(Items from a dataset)
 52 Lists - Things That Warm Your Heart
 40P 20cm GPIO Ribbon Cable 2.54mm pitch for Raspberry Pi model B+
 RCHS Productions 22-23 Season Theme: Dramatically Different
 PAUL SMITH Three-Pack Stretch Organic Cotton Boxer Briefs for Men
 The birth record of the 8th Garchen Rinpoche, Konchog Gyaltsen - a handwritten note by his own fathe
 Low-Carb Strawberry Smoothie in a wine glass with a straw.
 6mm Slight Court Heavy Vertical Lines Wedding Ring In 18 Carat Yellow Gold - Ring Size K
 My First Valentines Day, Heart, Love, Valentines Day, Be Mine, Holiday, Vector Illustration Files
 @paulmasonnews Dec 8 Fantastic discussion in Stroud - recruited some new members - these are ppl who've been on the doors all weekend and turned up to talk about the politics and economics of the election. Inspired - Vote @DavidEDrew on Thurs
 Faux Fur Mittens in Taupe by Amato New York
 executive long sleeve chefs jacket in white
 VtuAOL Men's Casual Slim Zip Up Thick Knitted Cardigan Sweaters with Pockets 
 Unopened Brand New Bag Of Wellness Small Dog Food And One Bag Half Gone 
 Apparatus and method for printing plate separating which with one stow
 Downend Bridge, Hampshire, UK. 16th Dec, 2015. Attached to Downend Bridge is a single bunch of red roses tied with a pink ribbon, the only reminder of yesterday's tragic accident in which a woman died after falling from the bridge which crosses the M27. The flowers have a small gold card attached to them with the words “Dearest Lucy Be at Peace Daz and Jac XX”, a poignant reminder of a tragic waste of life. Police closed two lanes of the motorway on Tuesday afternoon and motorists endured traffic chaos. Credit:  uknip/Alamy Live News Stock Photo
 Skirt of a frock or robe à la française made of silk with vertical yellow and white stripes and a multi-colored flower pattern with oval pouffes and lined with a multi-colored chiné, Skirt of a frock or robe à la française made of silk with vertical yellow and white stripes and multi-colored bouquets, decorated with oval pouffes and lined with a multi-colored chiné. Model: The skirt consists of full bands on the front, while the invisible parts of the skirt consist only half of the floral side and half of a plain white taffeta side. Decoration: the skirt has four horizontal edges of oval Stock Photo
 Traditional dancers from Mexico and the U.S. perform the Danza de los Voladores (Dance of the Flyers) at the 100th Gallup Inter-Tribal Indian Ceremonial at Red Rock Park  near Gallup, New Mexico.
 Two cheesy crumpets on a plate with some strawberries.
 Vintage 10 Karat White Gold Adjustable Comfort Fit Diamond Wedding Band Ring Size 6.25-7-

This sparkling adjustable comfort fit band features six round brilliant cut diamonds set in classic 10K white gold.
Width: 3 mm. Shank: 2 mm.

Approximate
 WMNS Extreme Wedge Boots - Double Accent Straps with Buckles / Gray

> _TASK TO CARRY OUT_: Your answer consists solely of the lines from the top of the records above through the line that contains "Low-Carb Strawberry Smoothie", each echoed exactly.

> _FINISHED EXERCISE_:
 52 Lists - Things That Warm Your Heart
 40P 20cm GPIO Ribbon Cable 2.54mm pitch for Raspberry Pi model B+
 RCHS Productions 22-23 Season Theme: Dramatically Different
 PAUL SMITH Three-Pack Stretch Organic Cotton Boxer Briefs for Men
 The birth record of the 8th Garchen Rinpoche, Konchog Gyaltsen - a handwritten note by his own fathe
 Low-Carb Strawberry Smoothie in a wine glass with a straw.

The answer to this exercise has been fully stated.